Lemme back up. You see those dresses in the movie poster worm by the highly-coiffed, platform-mule-toting duo of Lisa Kudrow and Mira Sorvino? That’s “lamé.” It’s fabric that was, historically speaking, often seen in shades of gold and silver, and it was sometime used to depict a “futuristic” feeling in terms of costume design. (Chances are decent that any shiny costumes seen in those old black-and-white 1950s sci-fi flicks were made from lamé.) Now, real lamé consists of real metal woven around choice stuff, like silk or cotton. But eventually folks figured out how to make it something like it using man-made fabrics — rayon, nylon, and especially polyester. The super-shiny stuff that went mainstream was just cheap shit. The popularity of “lamé” in clothing exploded in the 1970s (thanks, disco!) and the 1990s. And in the 90s, at least, with the explosion came “lamé” in all shapes, sizes, colors, and patterns. By 1997, they year Romy and Michele’s High School Reunion debuted, about 1/3rd of my own closet consists of clothing made out of “lamé.” I am not proud of this, but it did happen.
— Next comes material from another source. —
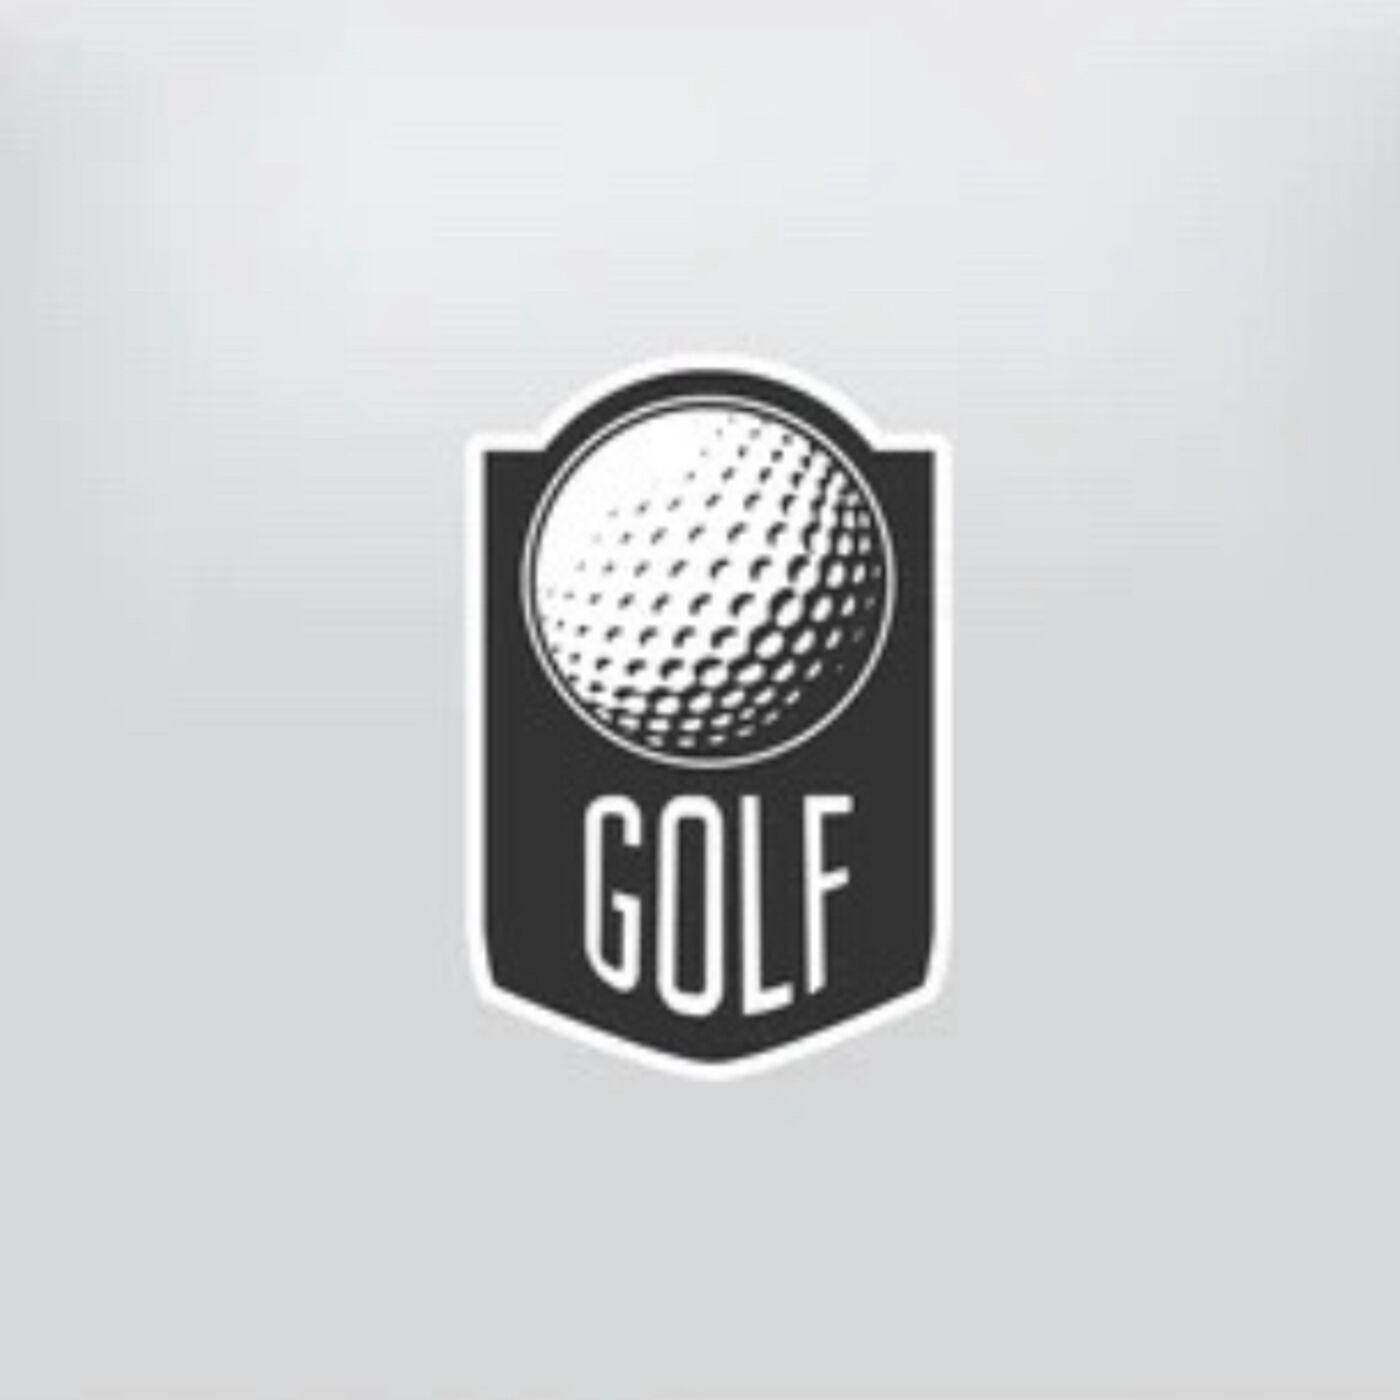 Turn Dogs Golf Podcast

At the time, I’d have said that “lamé” clothing was pretty damn awesome. Because it looked cool, draped nicely, and was shiny. (What the hell else was I supposed to wear with my pleather patent skirt, huh?!) And because it was form-fitting and comfortable. But “lamé” came with two big wearability problems. (There were soooo many other problems with it too, but I’m talking about wearing the clothing itself.) The first was, I suppose, and inherent one, seeing as how the stuff was essentially plastic.

It stank.

Wash that shit all you like, “lamé” clothing held onto smells like it was the fucking devil. And that smell could range from the department store it came from to the funk of that drunk fuck who “accidentally” rubbed up against you on the dance floor that one time to…let’s face it…one’s own natural odoriferous-ness. I’ll admit that I can work up a a sweat, and unfortunately, my “lamé” clothing could to attest to that very fact. Of course, nose-blind as I was, I didn’t think much about that fact while wearing my swanky “lamé” shirts in history class. If I smelled like wine coolers and desperation, so what? At least I looked damn good.

Well, for a short while, anyway. Because “lamé” had a bigger second problem.

It didn’t last.

This second issue came in two parts. One was that “lamé” was prone to distortion. Stretch it out too much any in one way, especially along a seam, and the fabric developed “runs,” almost like a pair of pantyhose. The second was that it would degrade over time and become…um…sticky. Yeah, all it’s own, with no help from, um, y’know…sticky stuff. It’s a little hard to explain, because I can’t think of another fabric to which this happens, but…think of a plastic-covered raincoat. Specifically, an old plastic-covered raincoat that’s been shoved into the back of a closet for awhile. Pull it out, and you’d likely see that part of it have stuck to itself. And when you try to pull it apart, maybe swaths of plastic come off in the process. The situation with “lamé” wasn’t quite as dire, but without proper care, like when you threw your stank shirt into the bottom of your closet after returning from clubbing and flopped into bed, the fabric could stick to itself. Try to unstick it, and sometime you’d be left with a dull patch where the fabric met. Besides just looking terrible, the whole thing was also kind of gross, and permanent. No amount of washing or care after that could fix the problem.

So you just went out and bought a shit load more of cheap “lamé” shirts, and the cycle of life continued.

… …

Hm. So, ummmm….huh. I think I’ll have to call this post Romy and Michele’s High School Reunion.*

*This post may not actually cover Romy and Michele’s High School Reunion. It’s a movie. I saw it once. It was okay.